ゴルベーザの軽口のようなものに、ああ、分かりません、と答えたカインは、酷い表情だった。


カインはセシルを愛していた。
カインとセシルはローザという娘を交えた幼馴染みで男友達で、そういう間柄のその二人をゴルベーザは檻の中に蹴落としたのだ。
一緒に拾い上げた服の切れ端で、ゴルベーザは汚れたセシルを拭う。美しい男だった。逞しく鍛え上げられていても尚、円やかな印象を与える輪郭。綺麗なセシルのその身体の、陵辱の痕。
ゴルベーザはセシルの顎を掬い、顔を寄せて、耳朶に口を添えた。

「あのカインは、お前達を愛していたのだな」

囁き掛ける、魔法の呪文。

「だが、お前はあれの苦悩に気付きもせずに、無頓着に無慈悲に親友を傷付けていたのだ。

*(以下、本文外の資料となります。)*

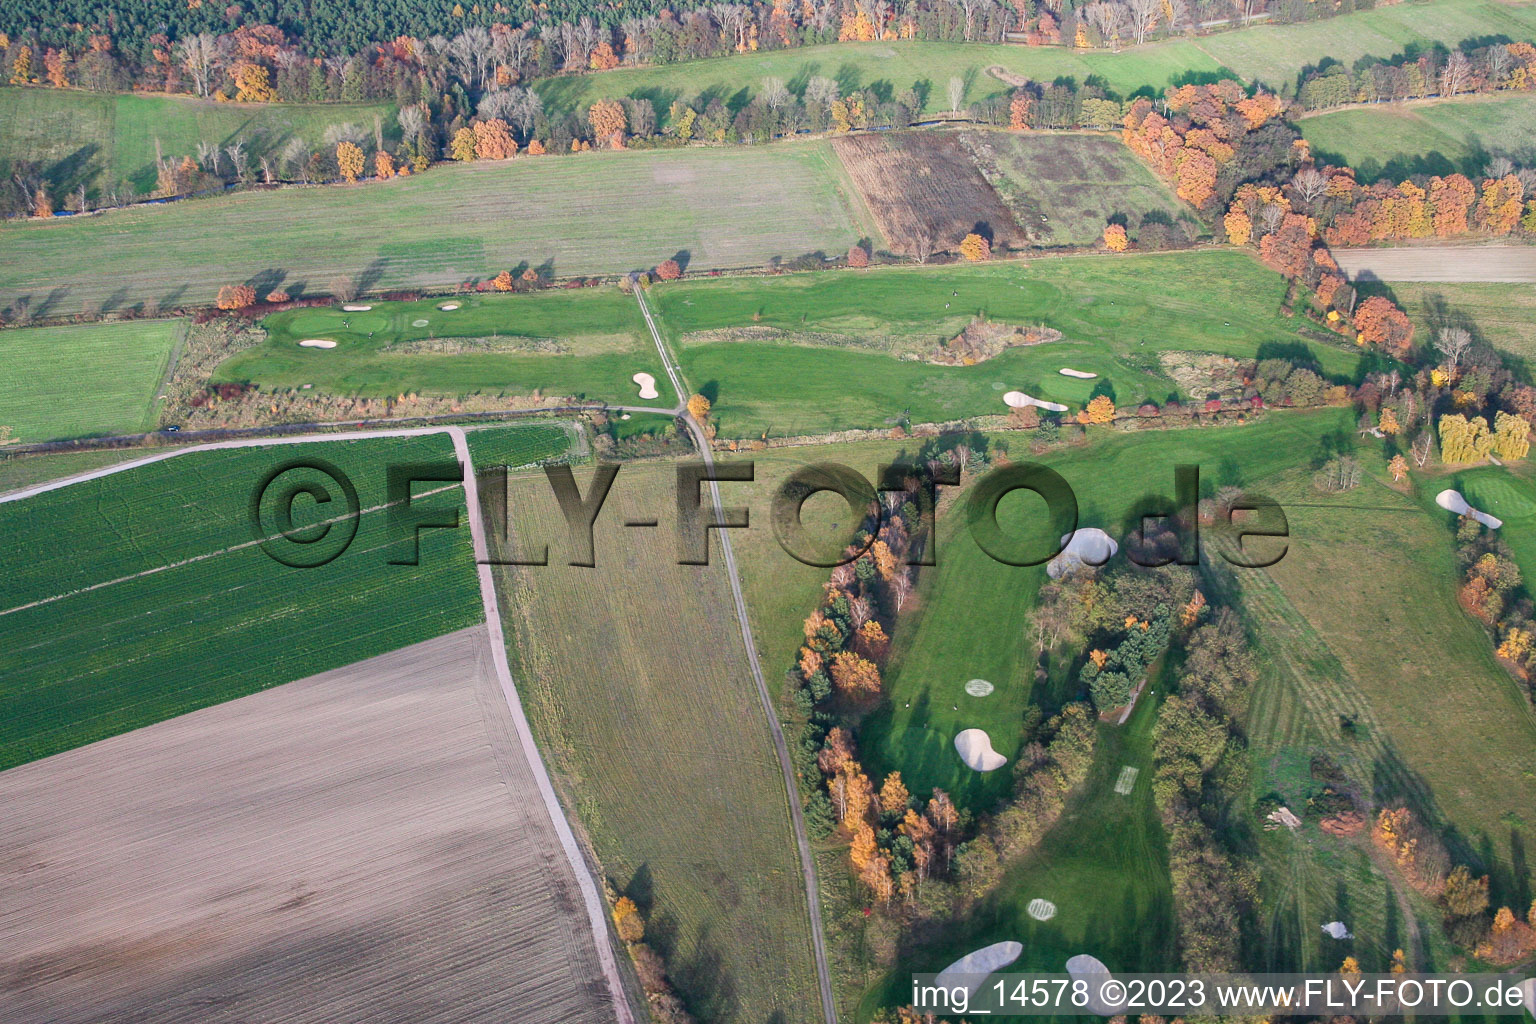 Vue aérienne de Terrain de golf à Geinsheim dans le département Rhénanie-Palatinat, Allemagne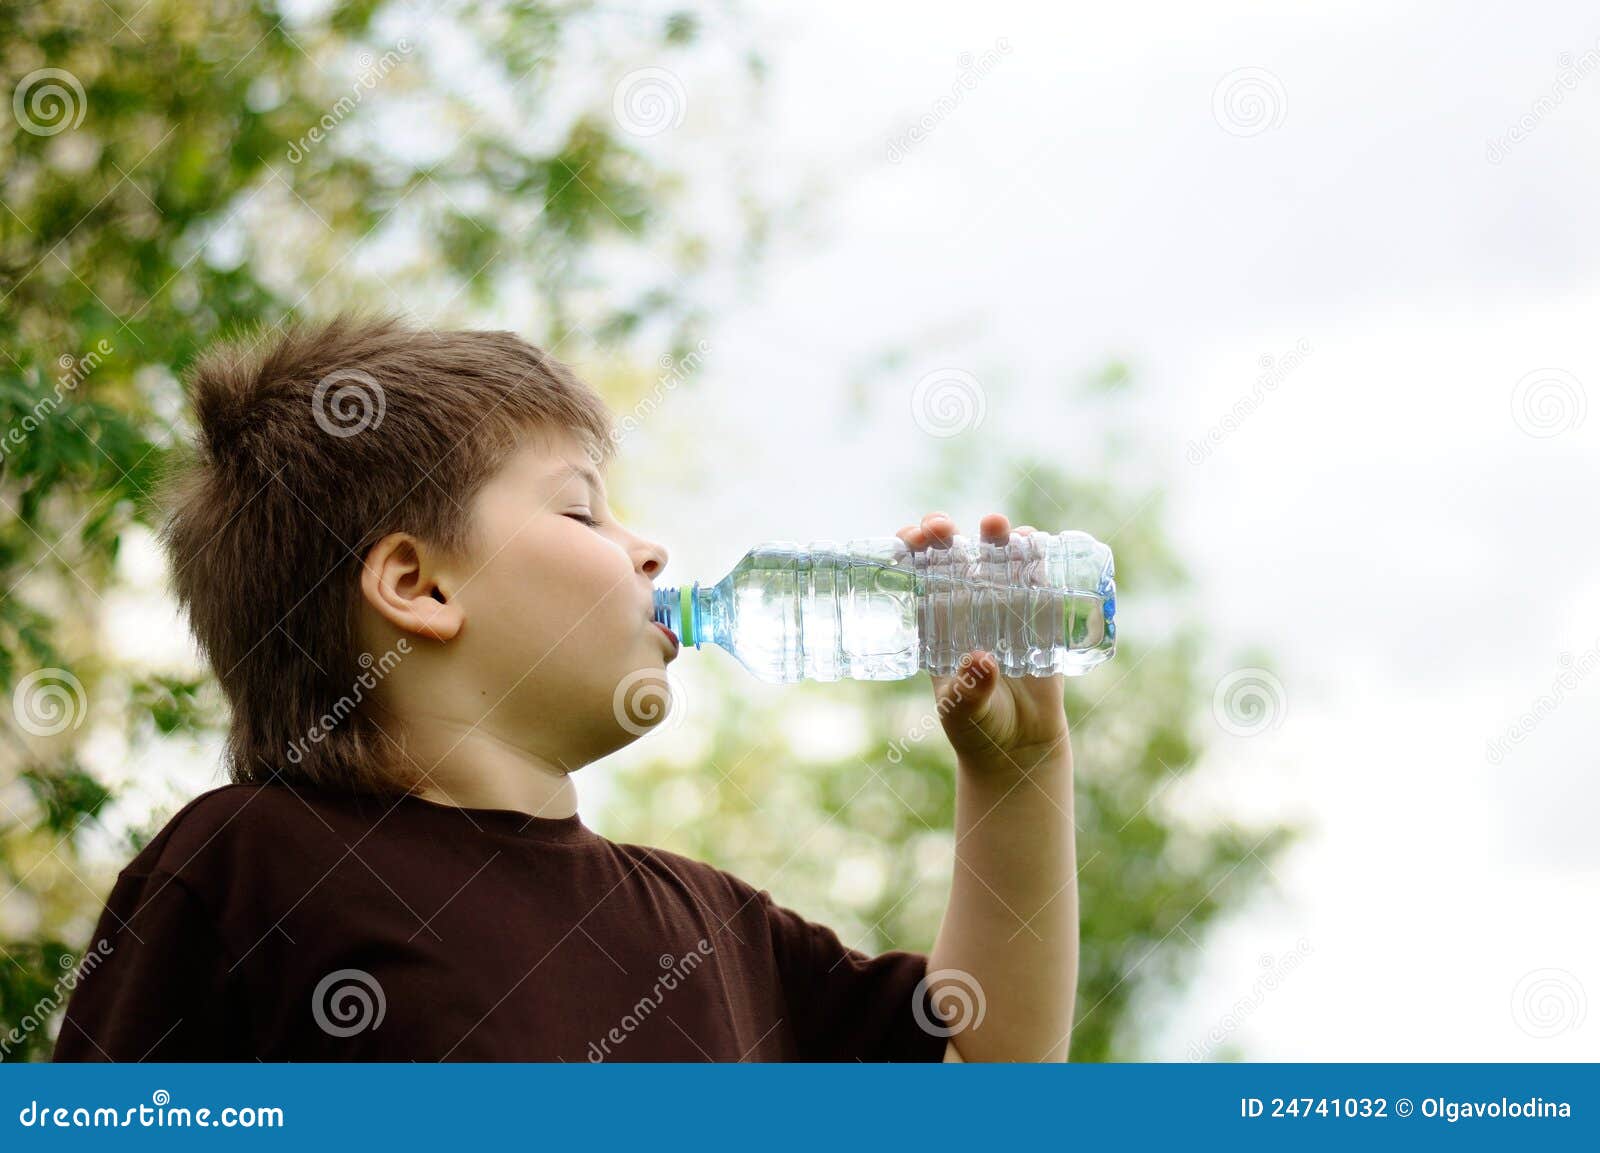 Вода которую мальчик несет. Бутылка для воды для мальчика. Мальчик на природе. Мальчик с баклажкой воды.

愛情を受け止めてやる気も無く、何も分かっていないただの笑顔で」

覗いた記憶を適当に見繕って投げ付ける。

「お前が親友だと思っていた男は、こういう風にお前を想っていたのだ。お前は親友だと思っていた男の思慕というものを、踏み躙って来た」

欲張りでお人好しの竜騎士。鈍感で残酷なこのセシル。
セシルを撫でる、左手。ああ、だが、お前は真実を知って、罰を受けた――ゴルベーザは、笑った。

「苦楽を分かち合ってこそ、親友というものだ。おめでとう」

ああ、おめでとう。そう言って。涙を零した目尻に、労わりと侮蔑を込めてゴルベーザは口付けた。